▸ HOW TO COMPLETE THIS TASK:
From the listing below, output the lines between the one with "case study studies" and the one with "Bugatti Veyron 16 4", including those two, and nothing else. Pictures are not copied.

▸ RECORDS SHOWN:
□ □ □ □ □ □ □

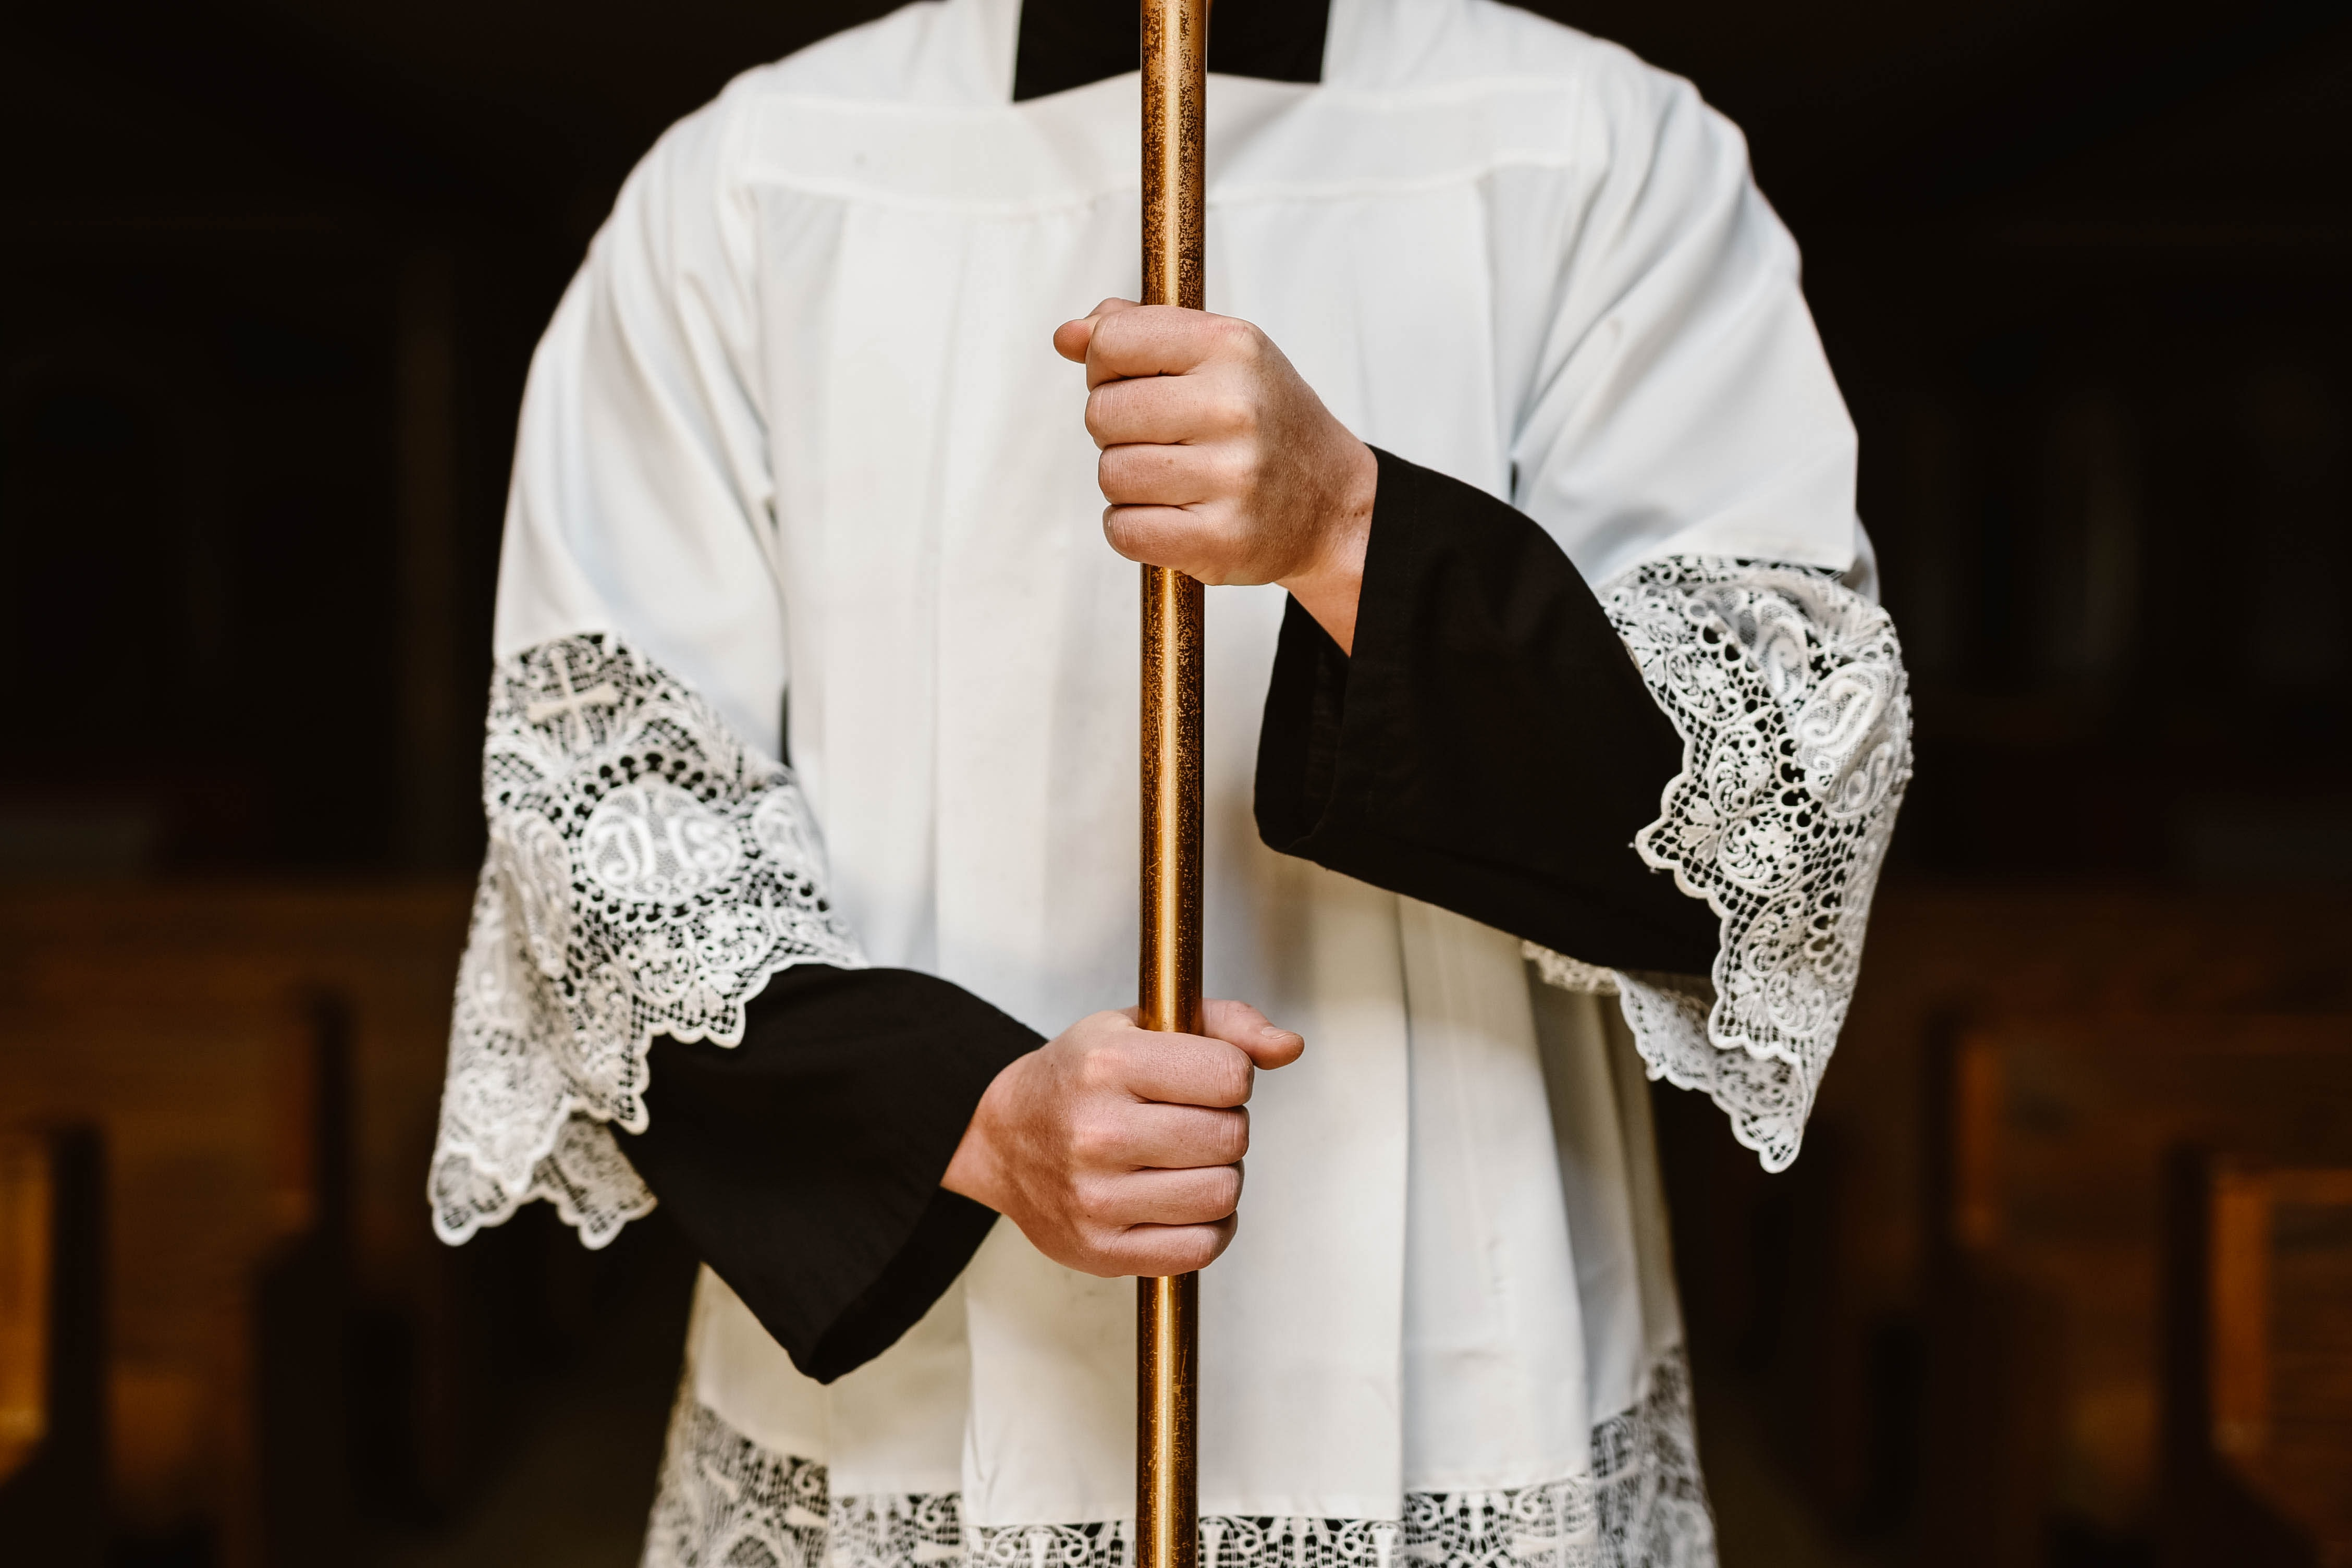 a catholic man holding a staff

□ □ □ □ □ □ □

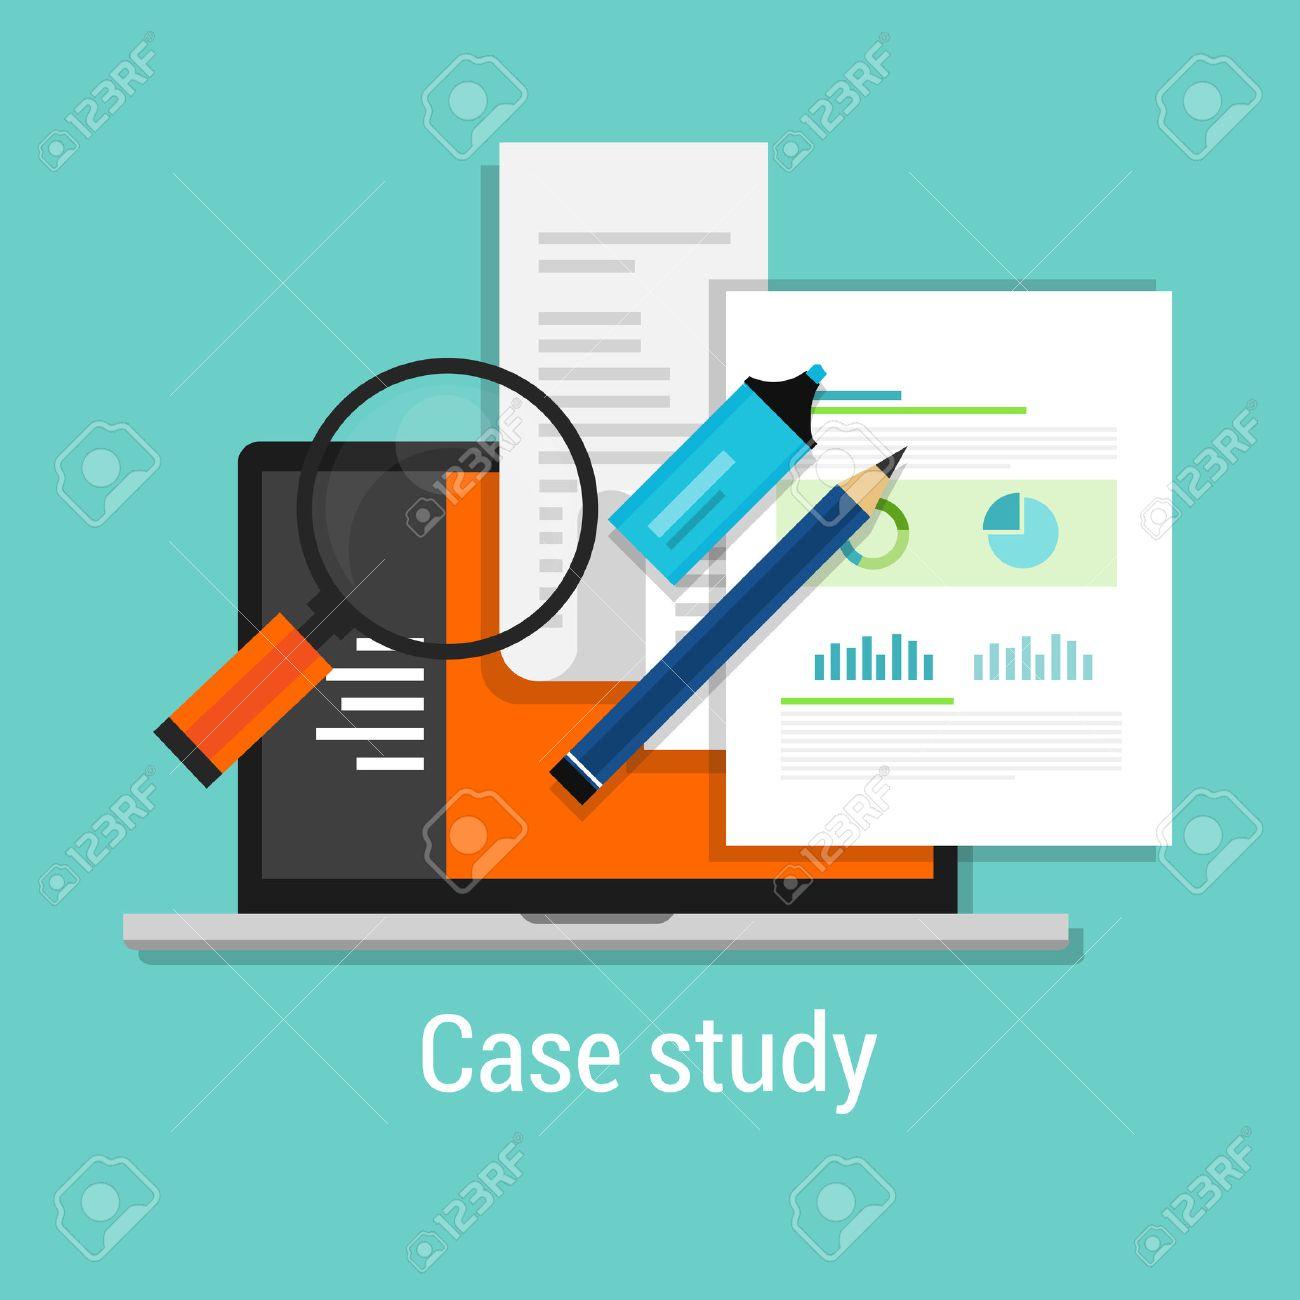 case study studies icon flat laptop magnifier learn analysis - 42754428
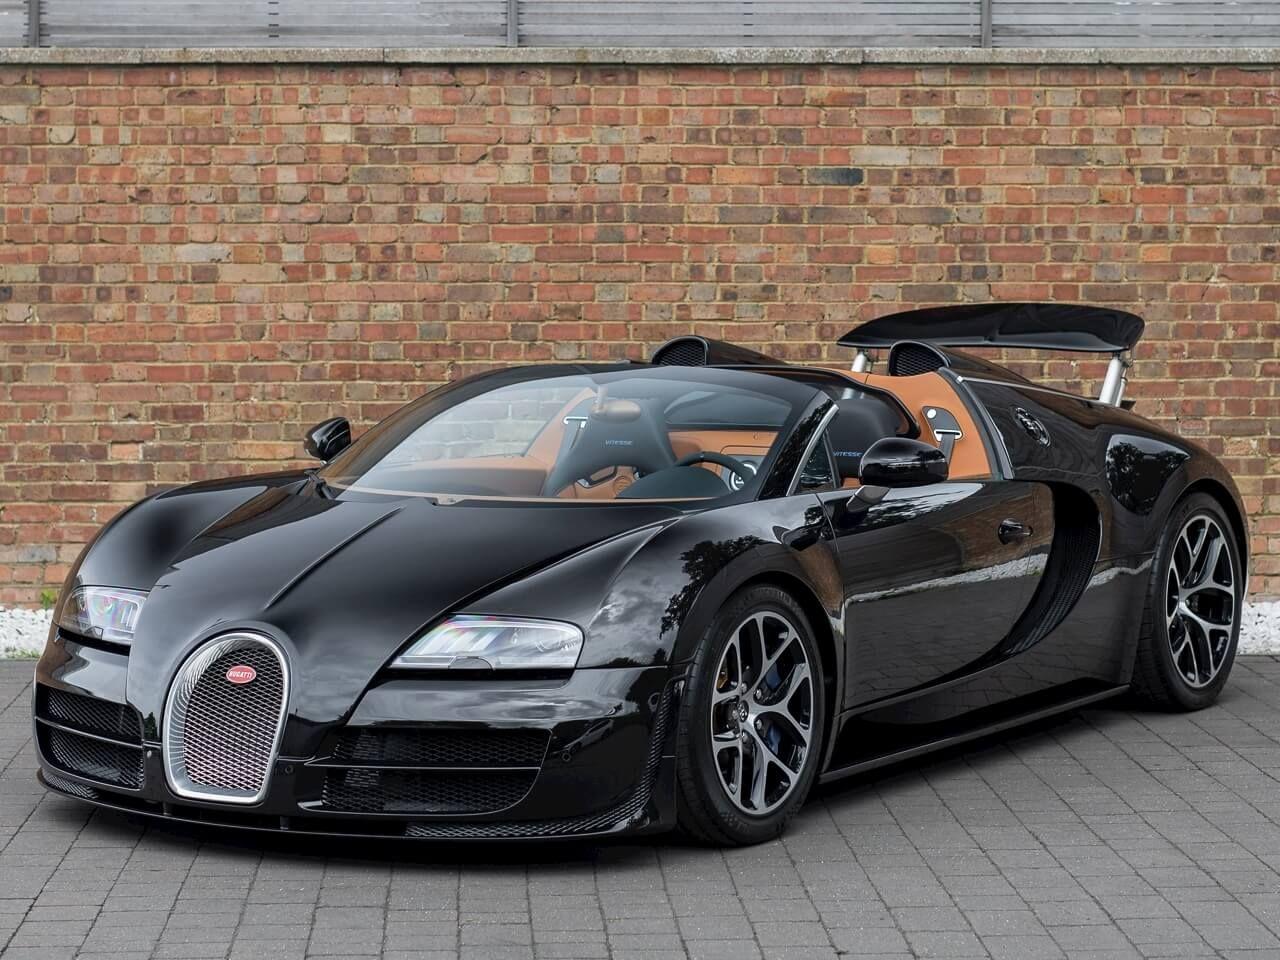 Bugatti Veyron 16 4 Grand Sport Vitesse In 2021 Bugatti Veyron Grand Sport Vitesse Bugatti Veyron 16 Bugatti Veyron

□ □ □ □ □ □ □

▸ ANSWER TO THIS TASK:
 case study studies icon flat laptop magnifier learn analysis - 42754428
 Bugatti Veyron 16 4 Grand Sport Vitesse In 2021 Bugatti Veyron Grand Sport Vitesse Bugatti Veyron 16 Bugatti Veyron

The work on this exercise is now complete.